> **Problem to solve**: For this exercise, restate every line below word for word and drop the images.
== Available data ==
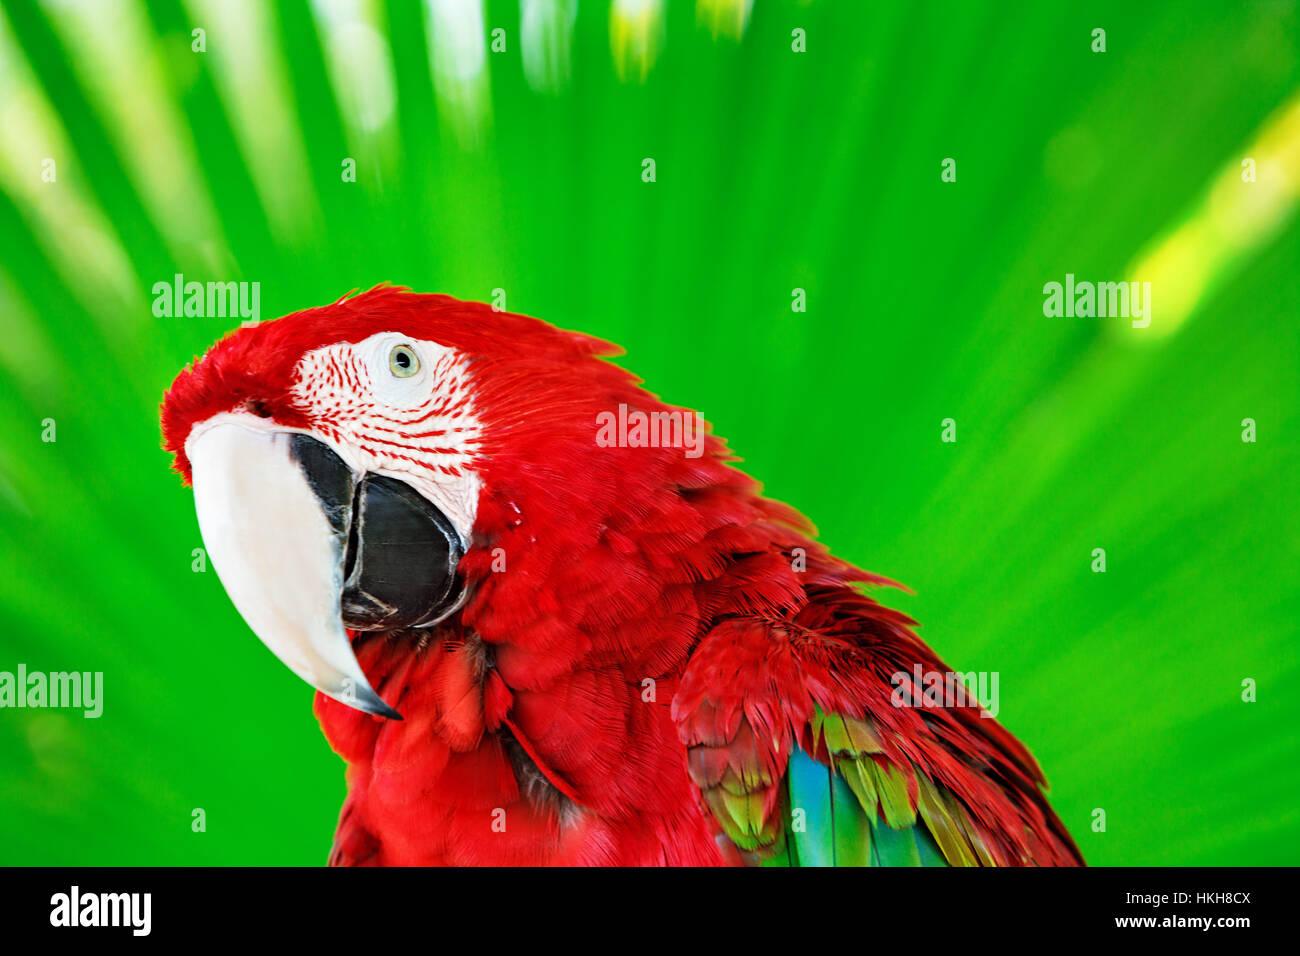 Porträt von roter Ara Papagei gegen Dschungel. Papagei Kopf auf grünem Hintergrund. Natur, Tierwelt und Stockbild
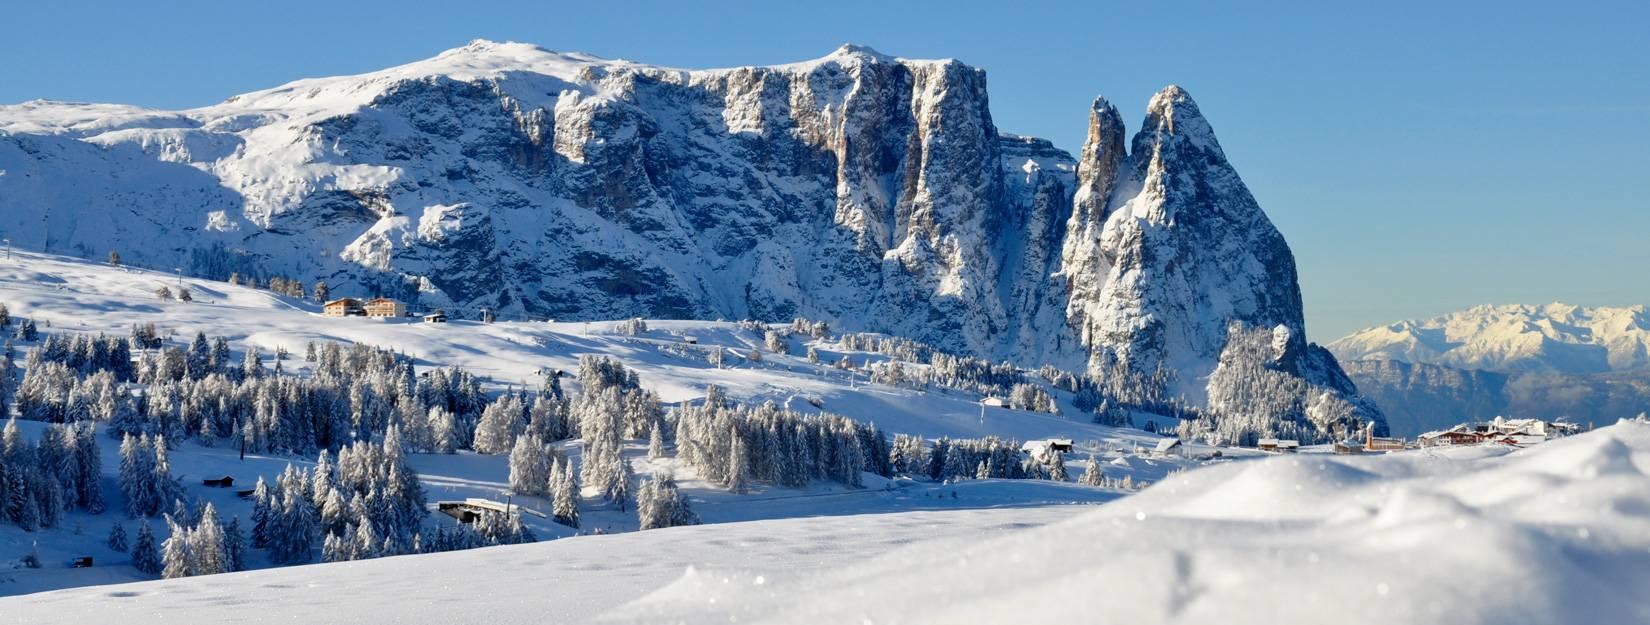 Offerte hotel dall alpe di siusi in alto adige for Offerte soggiorno in trentino alto adige
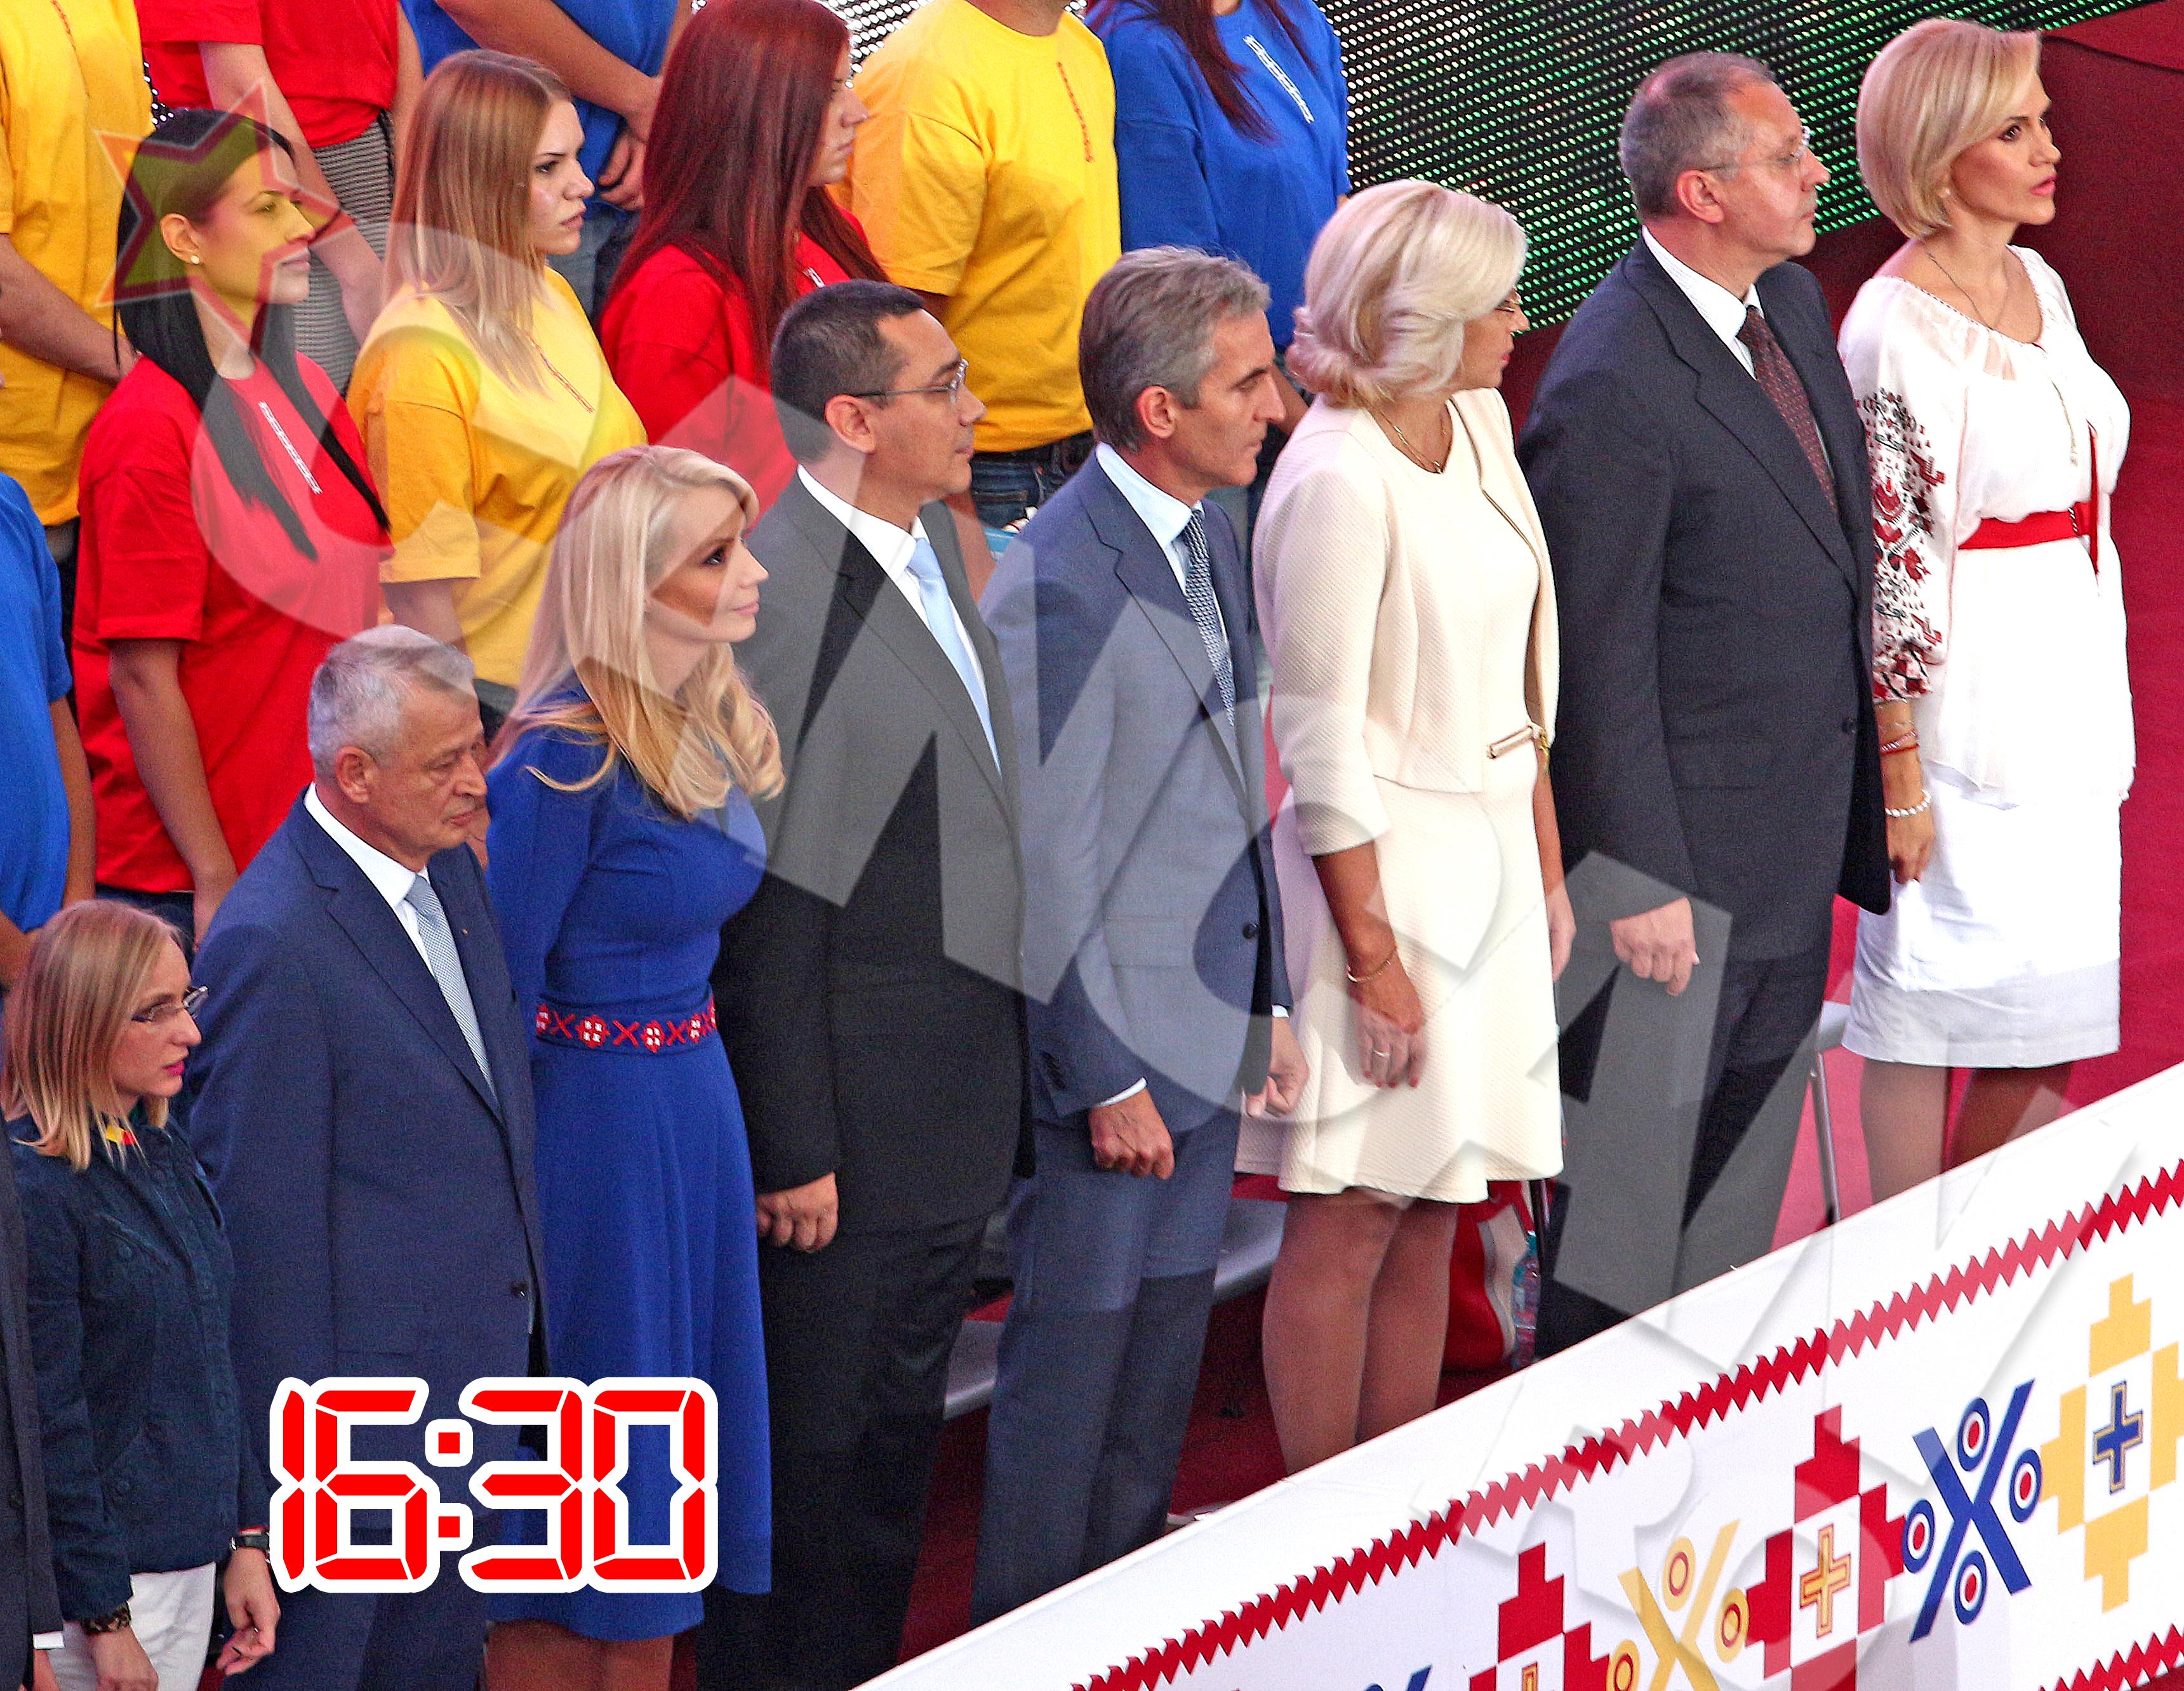 Premierul Victor Ponta si sotia lui au fost incercati de o mare emotie la intonarea imnului national
===
> **Exercise solution**:
 Porträt von roter Ara Papagei gegen Dschungel. Papagei Kopf auf grünem Hintergrund. Natur, Tierwelt und Stockbild
 Offerte hotel dall alpe di siusi in alto adige for Offerte soggiorno in trentino alto adige
 Premierul Victor Ponta si sotia lui au fost incercati de o mare emotie la intonarea imnului national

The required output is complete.